A plea from a reader for money-saving grocery tips drew responses from others who shared strategies that help them cut their food bills. Gradecia Medlin of Gaston, S.C., condensed all the advice into one rule: "Grocery savings takes careful planning and determination."

Here are some tips:

* Do your homework. The steps to saving should start before you leave the house. Make a menu and a grocery list and stick to them at the store.

* No one store will always be the best place to shop, so scan grocery ads and circulars. Use them to your advantage, but avoid the store-hopping trap. One strategy is to watch grocery ads carefully, and then shop at the store that has the most matches with your list. Some readers plan meals based on what's on sale.

* Shop smart. Comparison shop and use coupons and sales wisely. It's important to learn typical prices so you'll know if a price is a bargain. One reader keeps a list of 10 or 12 items she buys regularly and compares the prices for those staples at different stores.

* At the checkout, watch scanners carefully. Medlin said, "If you see an error, tell the manager. One grocery store we patronize will give you the item free if it's scanned wrong."

* The consensus on coupons is to use them only for products you plan to buy anyway. To squeeze the most value from a coupon, take advantage of double coupon days, save them until the item is on sale or combine them with customer bonus card discounts. Keep in mind, however, that even when you have a coupon, the store brand still might be cheaper.

* Take advantage of buy-one-get-one-free and other specials if you have storage or freezer space, Medlin said. If a sale item is sold out, ask for a rain check.

* Buying large sizes or stocking up on items at a good price also can save money. Often, the unit price is less for larger containers, but not always. So, do the math. Warehouse clubs and bakery outlets also can be sources for savings, depending on the size of your family and where the stores are located.

* Become an herbivore. Eating less meat is one of the biggest money-savers. Not only will eating more fruits and vegetables make meals cheaper, it will make them healthier. Plan meatless meals every week, using pasta and rice-based dishes. Beans and rice might sound boring, they can be dressed up with tomatoes, home-grown herbs and other inexpensive ingredients.

* Although produce is one of the least expensive items in the grocery store, still look for ways to stretch your dollar. For better taste and less cost, buy produce in season when the price is lower, and don't forget to check bargain bins.

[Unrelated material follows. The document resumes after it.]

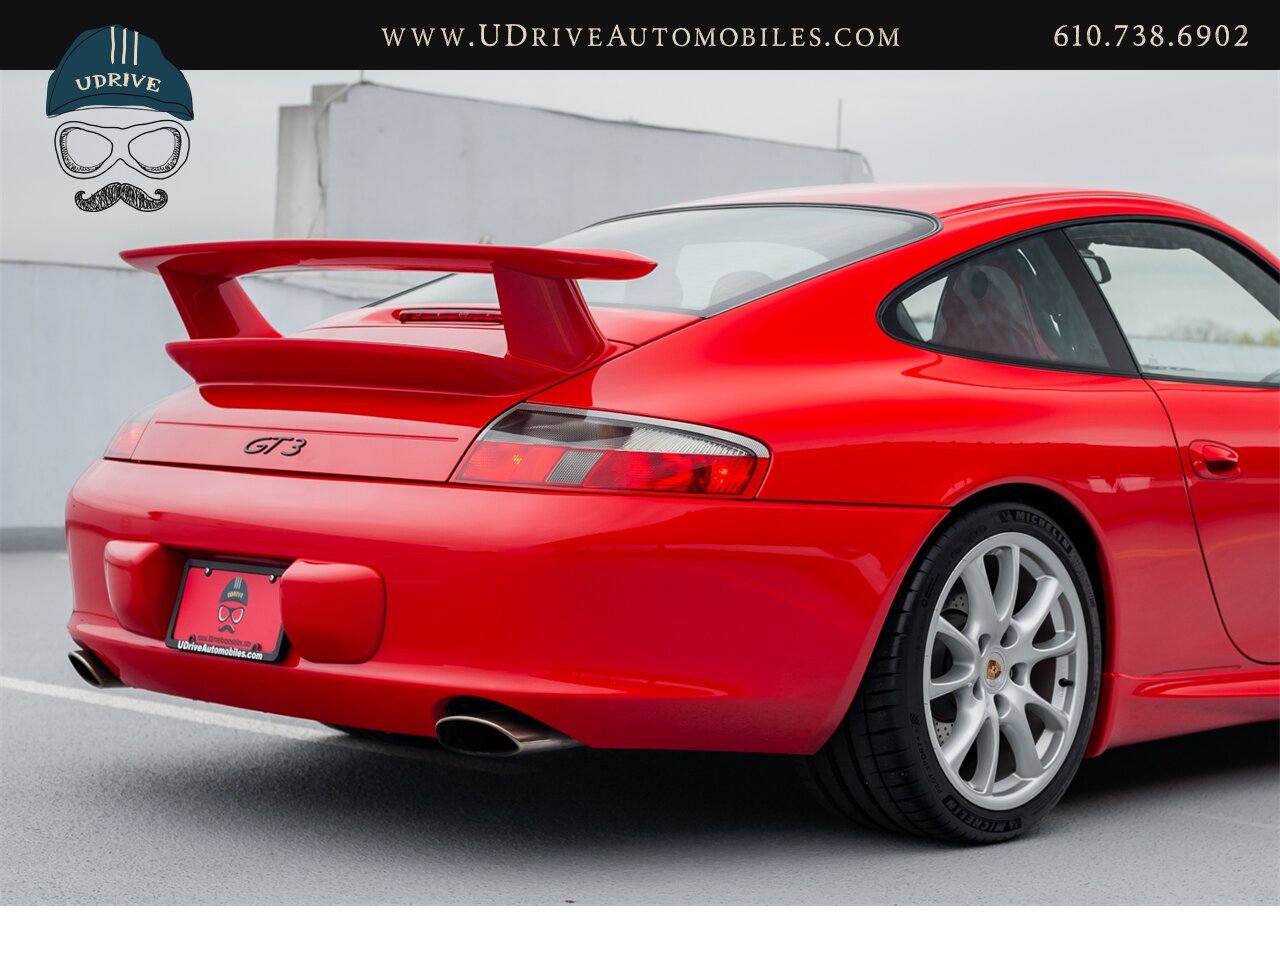 2004 Porsche 911 996 GT3 Guards Red Sport Seats Painted Hardbacks  Painted Center Console 18k Miles - Photo 21 - West Chester, PA 19382

If items in the regular produce areas are not up to par, ask for a discount. Visit produce markets and roadside stands or join a produce co-op.

* When you buy meat, get the most for your money. Look for specials or reduced prices on meats nearing the sell-by date.

* Save money by using a smaller quantity of meat than a recipe calls calls for and purchasing whole chickens, which can be cut up and deboned at home. You can also stretch small amounts of meat over several meals. A half of a chicken can be stretched to serve four in a stir fry or in chicken enchiladas. Oatmeal is a nutritious filler in dishes such as meatloaf.

* Create your own low-cost meals. Cooking from scratch is almost always less expensive than buying prepackaged food items, and often it's not that much more trouble.

* Look for recipes that use inexpensive ingredients and invest in a good basic cookbook.

* Use the absolute minimum of convenience foods, sweets and snack foods.

* For breakfast, prepare your own pancake and biscuit mixes. Avoid cold cereals and serve less expensive grits or oatmeal. Make waffles, pancakes and muffins ahead of time and freeze them.

* For healthier snacks, buy plain vanilla yogurt. For fruit-flavored, add preserves, Adams said. Buy store-brand graham crackers or vanilla wafers.

* Nothing should go to waste. Learn to stretch ingredients and to use every drop. Try combining equal amounts of milk and reconstituted dry milk, and use an extra can of water in frozen juice concentrate.

* Leftovers are your friends. Never, ever throw out leftovers even it's just a bite or two. Use your imagination and concoct recipes using them. Turn leftovers into new meals such as turnovers or cut meatloaf into cubes and serve it as meatballs with spaghetti. Freeze leftover vegetables and use them in soup.

With careful planning using a few of these tips, you might find that a trip to the grocery store doesn't have to be a weekly blow to your budget.